"""
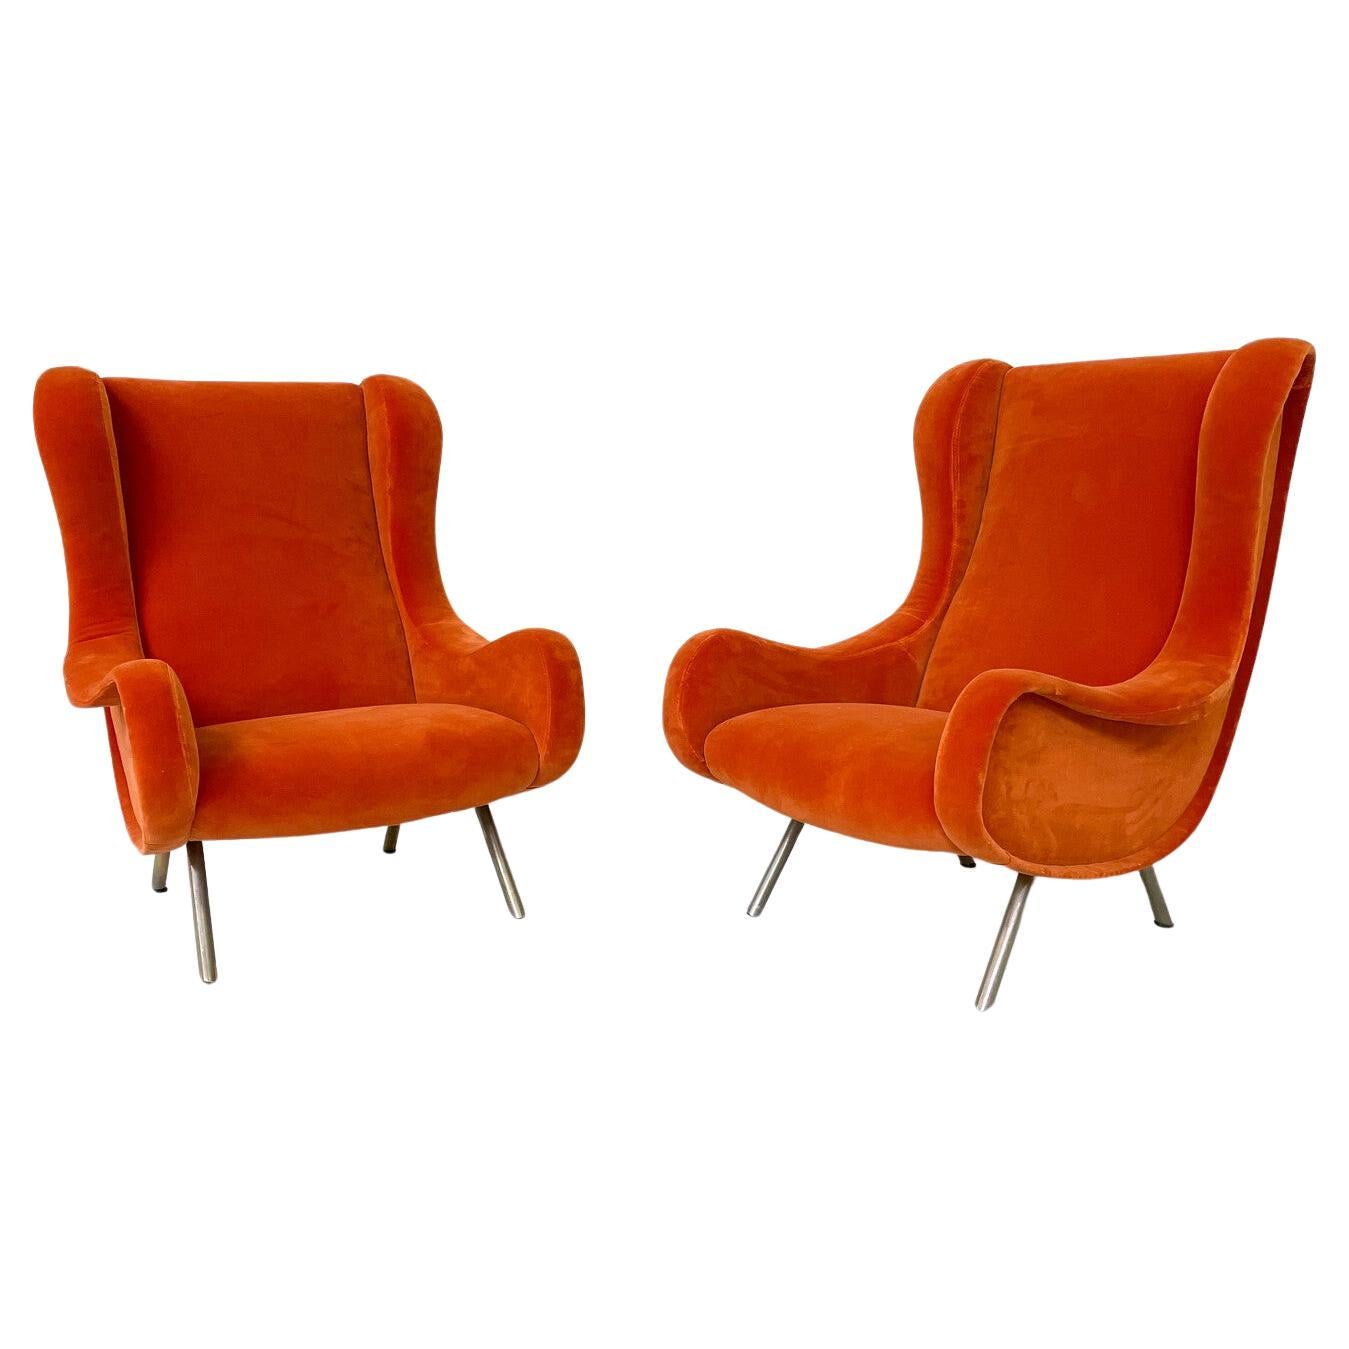 Mid-Century Modern Pair of Senior Armchairs by Marco Zanuso for Arlfex For Sale
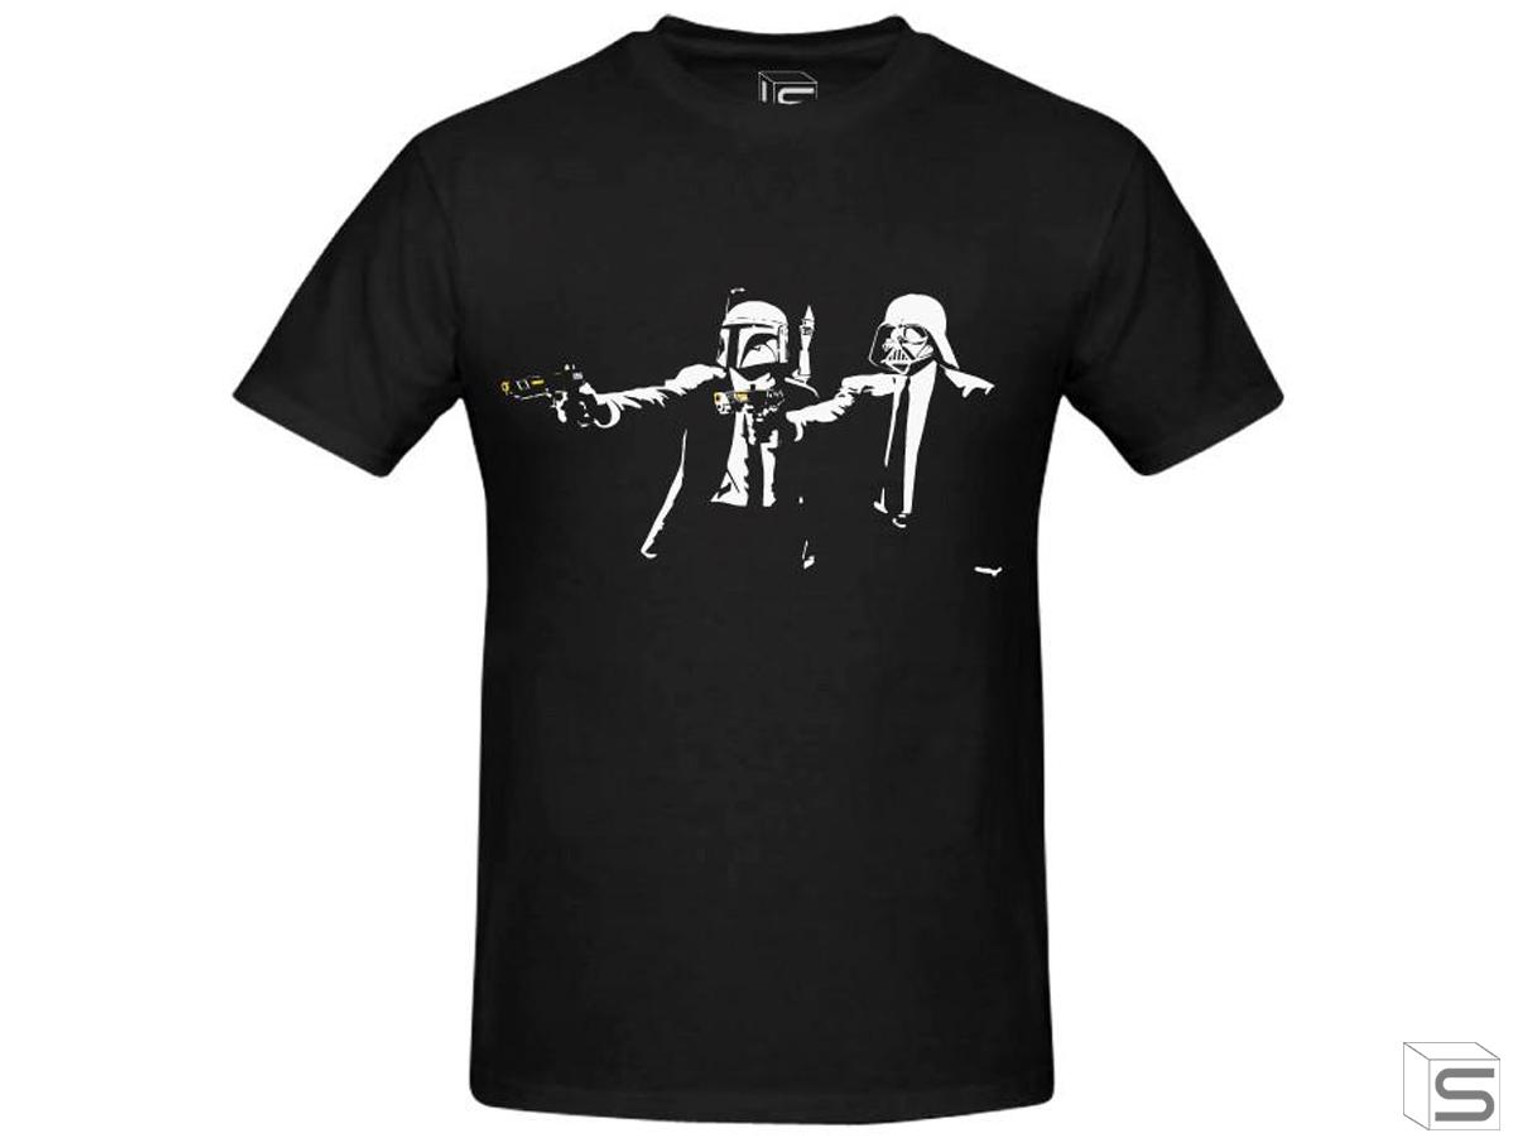 Salient Arms "Pulp Fiction" Screen Printed Cotton Womens T-Shirt
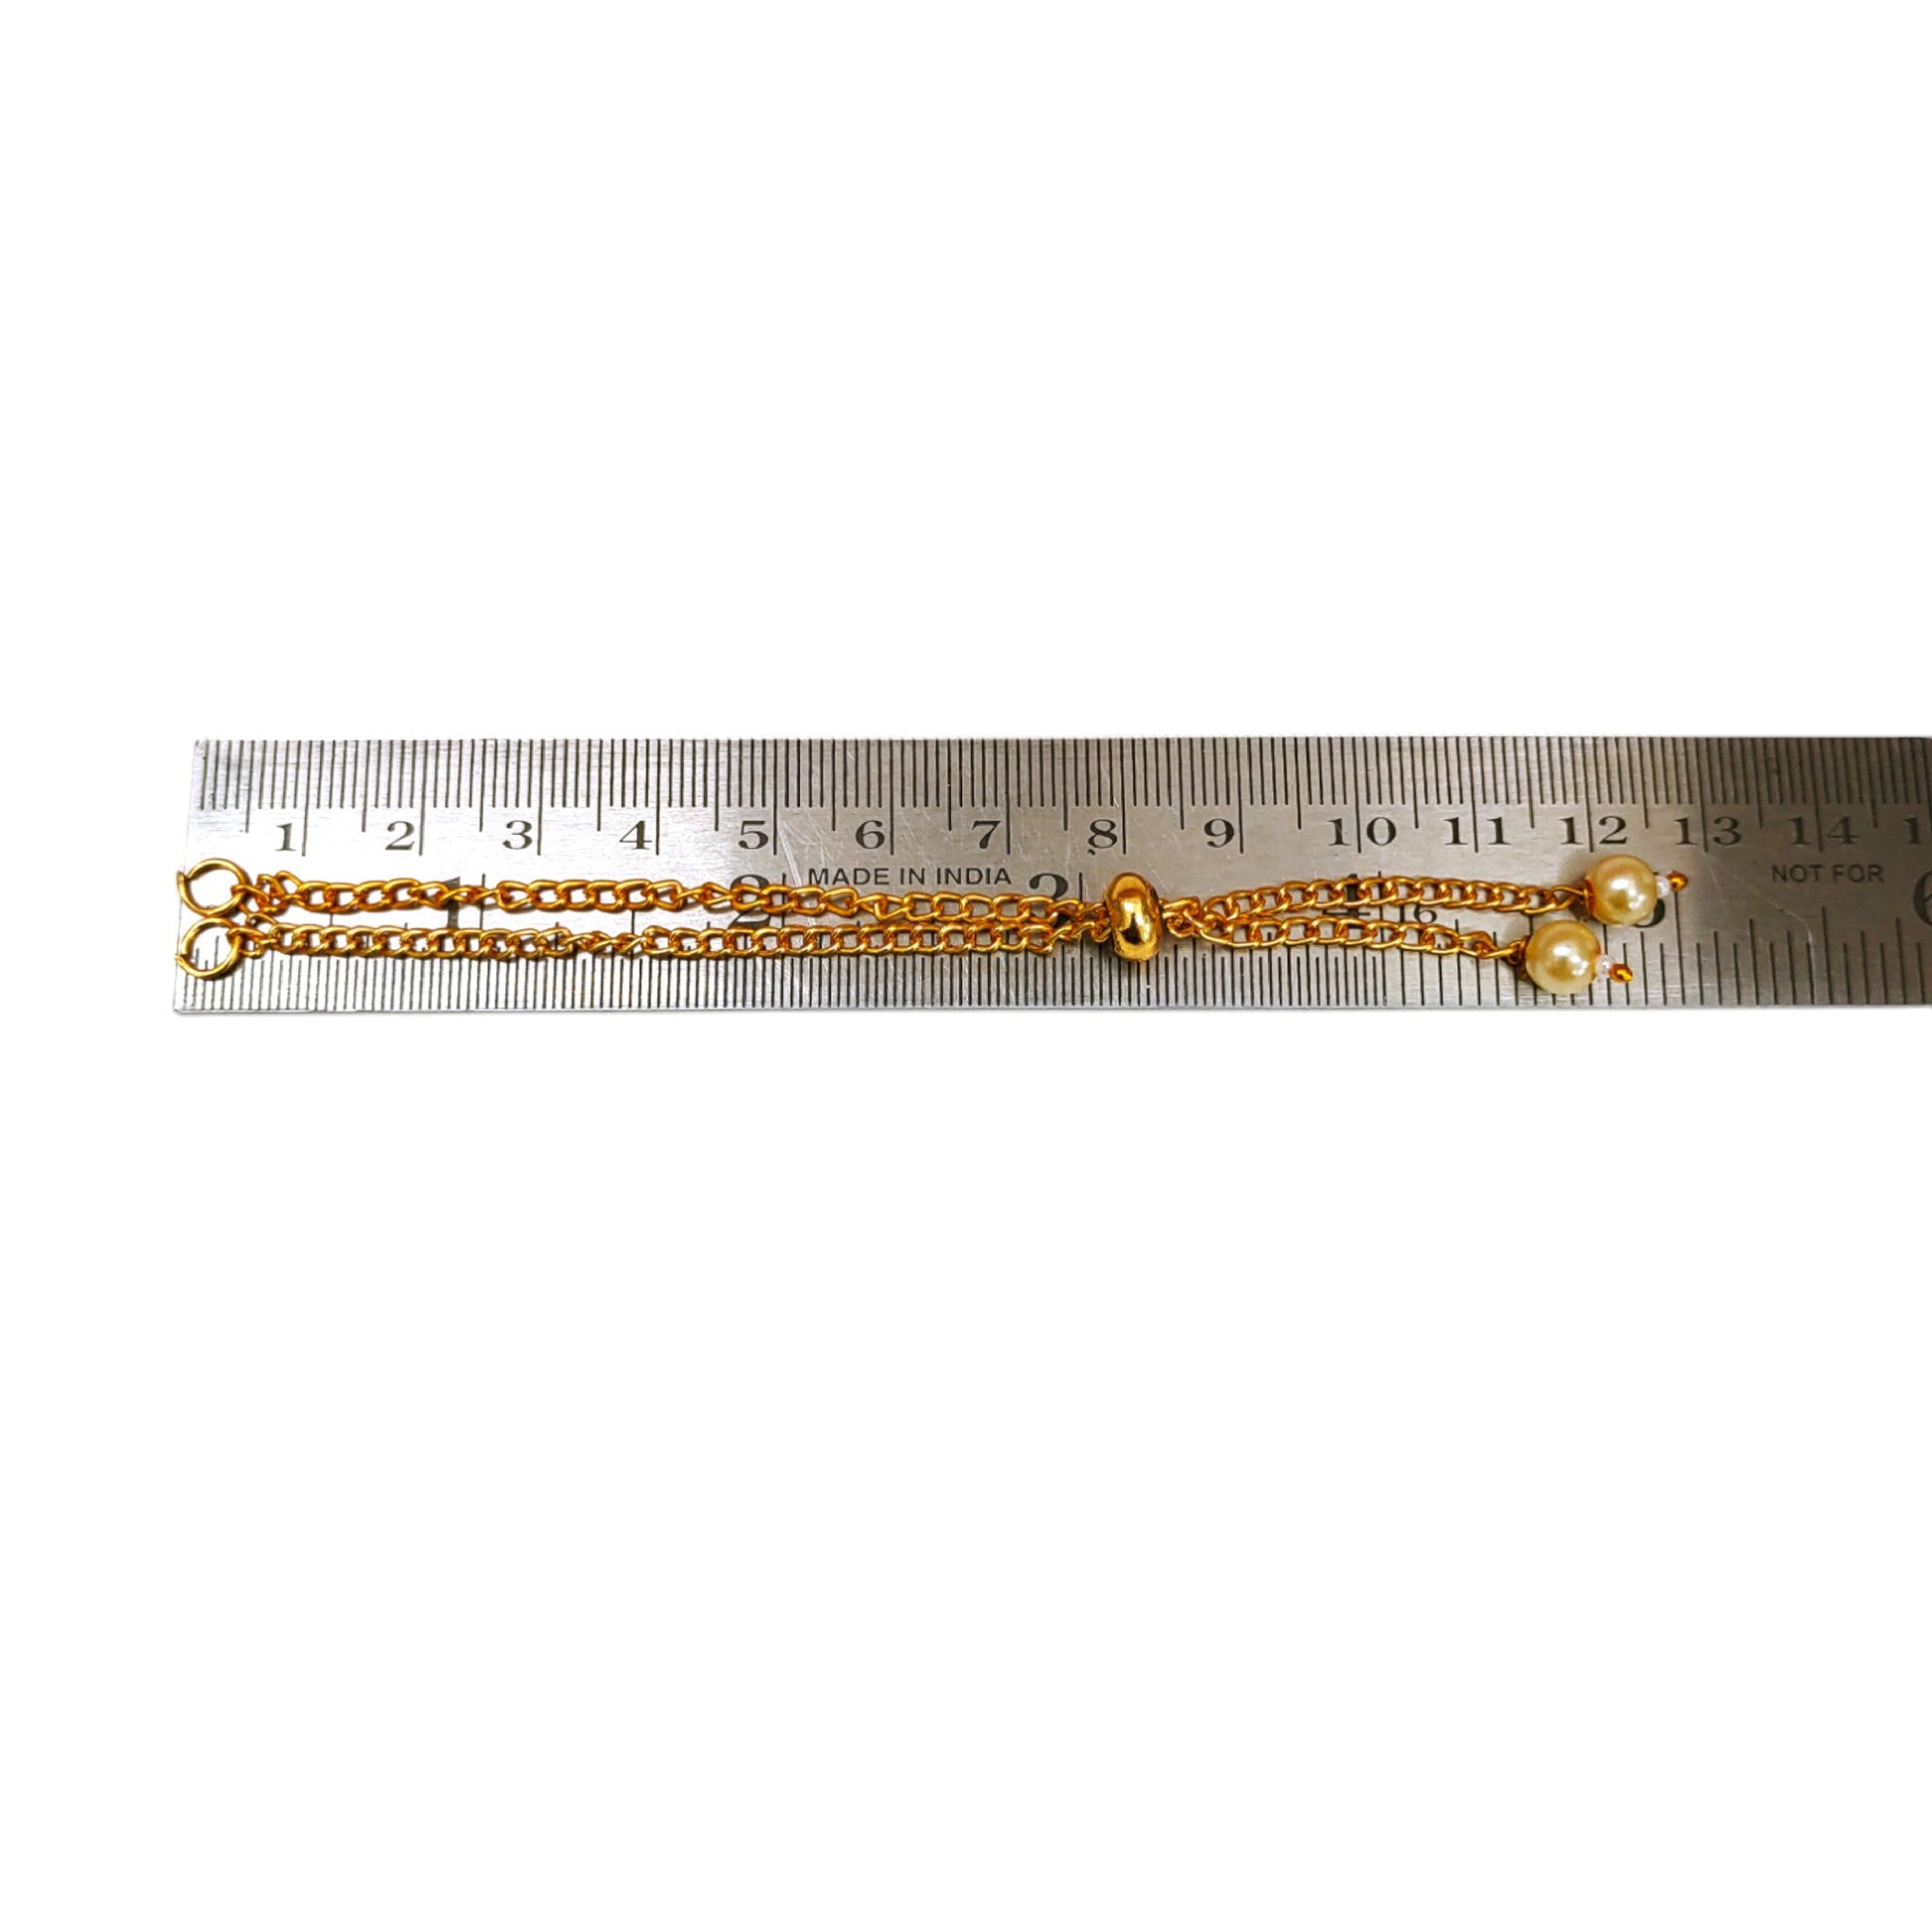 Beaded Goldern Bracelet Chain with Push Lock for Crafting or Decoration, Jewellery Making, Golden
"""
_What is being asked_: Once the images are set aside, retype all of the material above exactly.

_Finished exercise_:
 Mid-Century Modern Pair of Senior Armchairs by Marco Zanuso for Arlfex For Sale
 Salient Arms "Pulp Fiction" Screen Printed Cotton Womens T-Shirt
 Beaded Goldern Bracelet Chain with Push Lock for Crafting or Decoration, Jewellery Making, Golden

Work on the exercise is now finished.